Темнокожий бог, стоявший рядом с ними, согласно кивнул и улыбнулся маленькому бледному духу.

— Для таких, как ты, дитя, смерть не содержит в себе ничего страшного. Ты проведешь вечность, наслаждаясь радостями полей Элизиума, или, если захочешь, можешь испить вод Леты, реки забвения, и переродиться, чтобы прожить еще одну жизнь.

Лина постаралась скрыть удивление. Души могут сами выбирать путь перерождения? Она посмотрела на девушку, неподвижно стоявшую под защитой ее рук.
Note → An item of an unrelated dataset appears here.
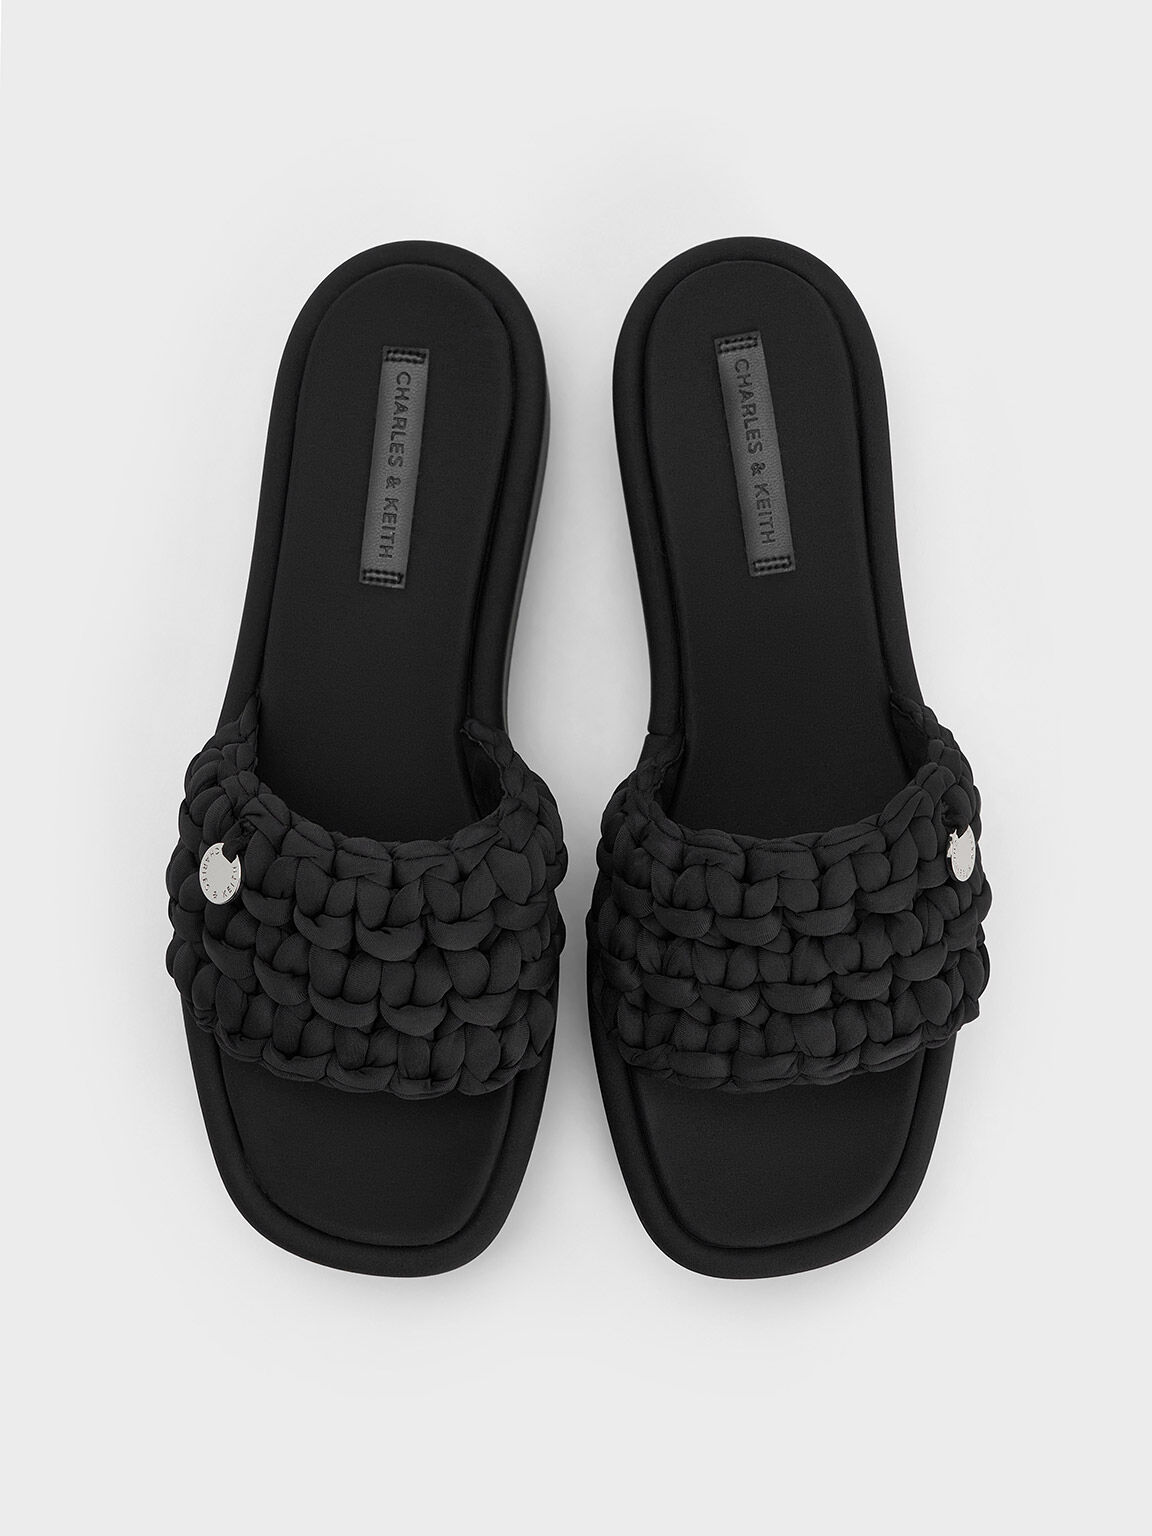 Sandal Flatform Woven, Black Textured, hi-res

Эвридика умерла такой молодой; наверняка ей захочется переродиться в смертном теле и прожить другую, долгую и насыщенную жизнь.

— Это звучит просто замечательно, Эвридика. Ты можешь отдохнуть какое-то время. Может быть, прогулка по полям будет для тебя чем-то вроде каникул... как для меня. — Лина усмехнулась. — А потом выпьешь воды, дающей забвение, и у тебя будет новая, полная жизнь.

Однако улыбка Лины угасла, когда она увидела, что и без того бледное лицо Эвридики побледнело еще сильнее, став почти совершенно белым. В глазах девушки вспыхнул откровенный ужас.

— В чем дело, милая? — спросила Лина.

— А почему мне нельзя остаться с тобой, Персефона? — с отчаянной мольбой в голосе произнесла Эвридика. — Я не хочу перерождаться. Я этого не хочу... ведь если я забуду прошлую жизнь, я могу совершить те же ошибки, могу выбрать то же самое...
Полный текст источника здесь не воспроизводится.